Some books on the horizon....
Source: Booklist
Readers interested in books with a New Orleans twist might find these worth looking for. All reviews are excerpted from Booklsit:
Moving to Higher Ground: How Jazz Can Change Your Life by Wynton Marsalis and Geoffrey C. Ward: He [Marsalis] does several worthwhile things—defining swing, explaining the musical language of jazz, realizing the blues as the American apotheosis of a universal expressive mode, describing the sensations of learning to play and keeping on playing, and hailing a baker’s dozen of great jazz artists—with more feeling than most jazz critics. More, he explains the cutting remarks he spouted as a young turk that have haunted him since and winningly reformulates the naive old wish for jazz to be a force of world reconciliation. What a honey of a book.
Not Just the Levees Broke: My Story during and after Hurricane Katrina by Phyllis Montana Leblanc: Leblanc recalls, in very human flashes of selfishness, not wanting her more altruistic husband to risk his life helping others. She, a more reluctant hero, plotted to punish political figures she held responsible, as she struggled along atop the levee, overcoming her own fears to help strangers and try not to judge those who took advantage. All the while, Leblanc wondered about the politics of the city and the nation that would allow such a tragedy.

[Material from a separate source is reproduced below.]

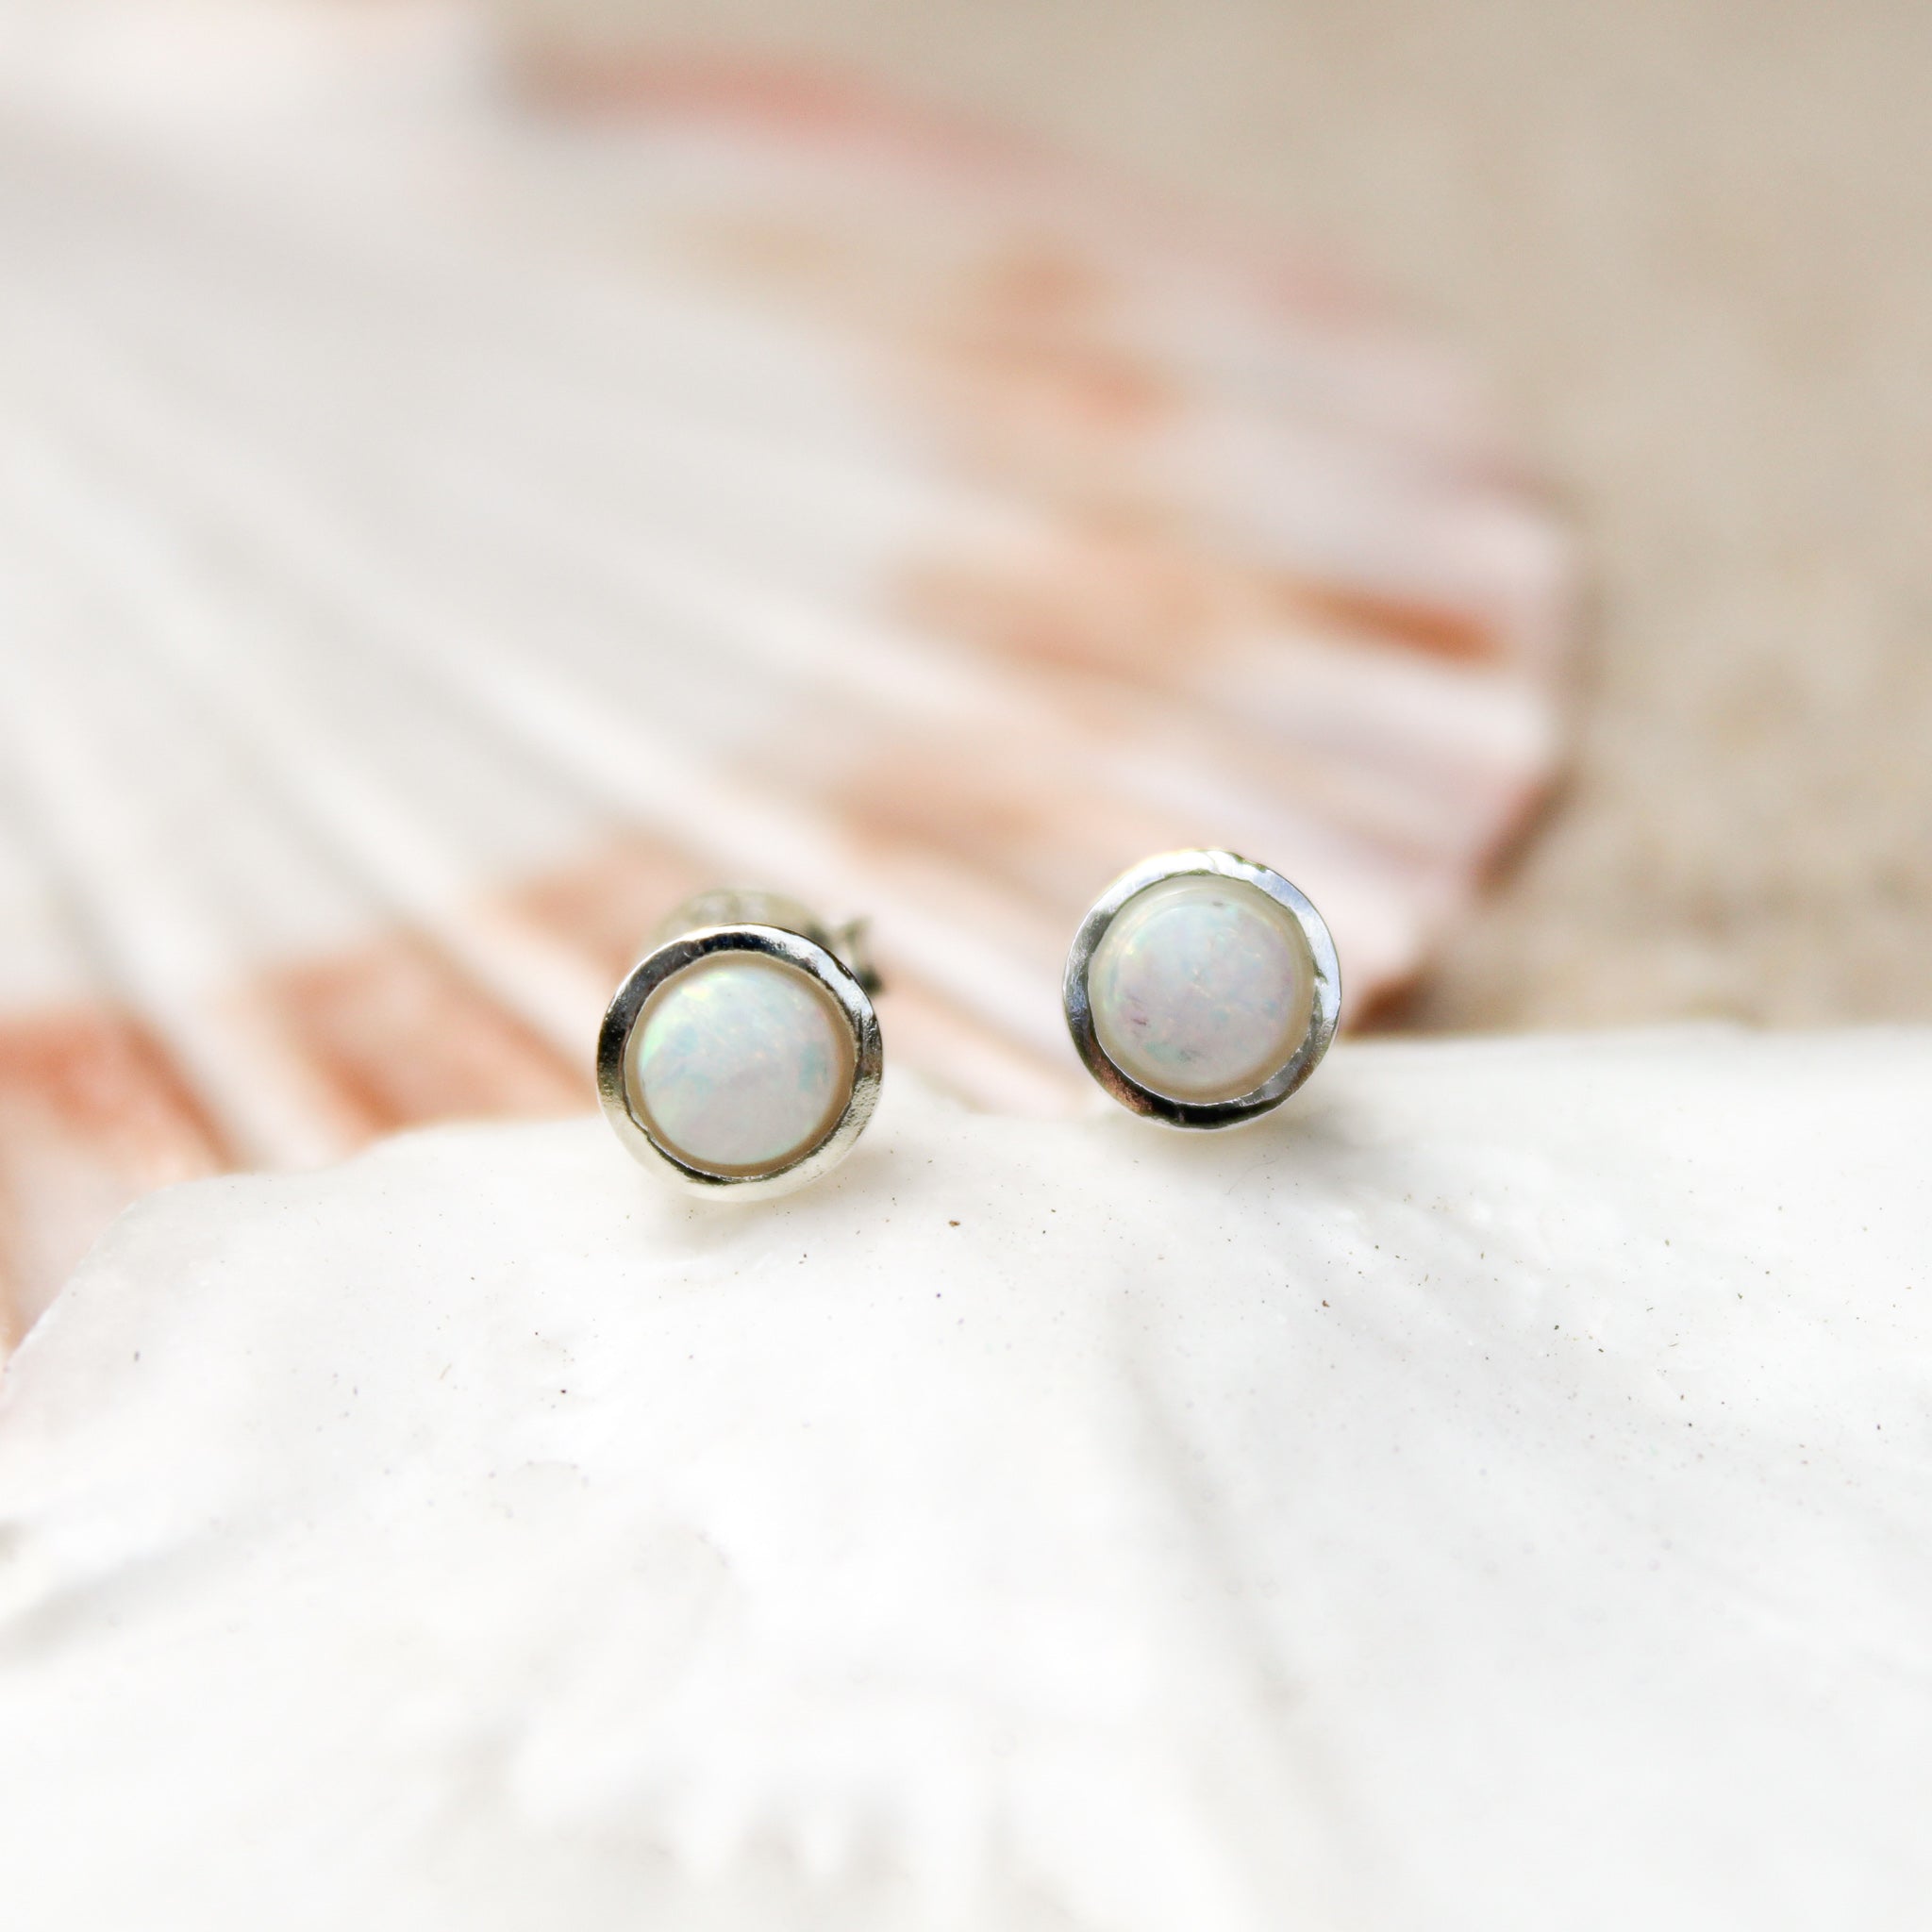 White opal earrings

City of Refuge by Tom Piazza: In the pre-storm chapters, the conflicts and dreams of Piazza’s characters, men and women of bedrock goodness, define home, revealing all that Katrina will disrupt and destroy. Then, in unforgettable scenes of biblical consequence, Piazza dramatizes more devastatingly than any journalistic account the hurricane’s shocking aftermath, aligning the failure to protect, rescue, and respect the people of the Lower Ninth with the sweeping brutality of war. By following his characters into the Katrina diaspora and back again, Piazza tells a towering tale of self, family, and place, a story as old and heartbreaking as humankind itself.
Note that Piazza's book is a novel - the first to come out on the storm and flood that followed.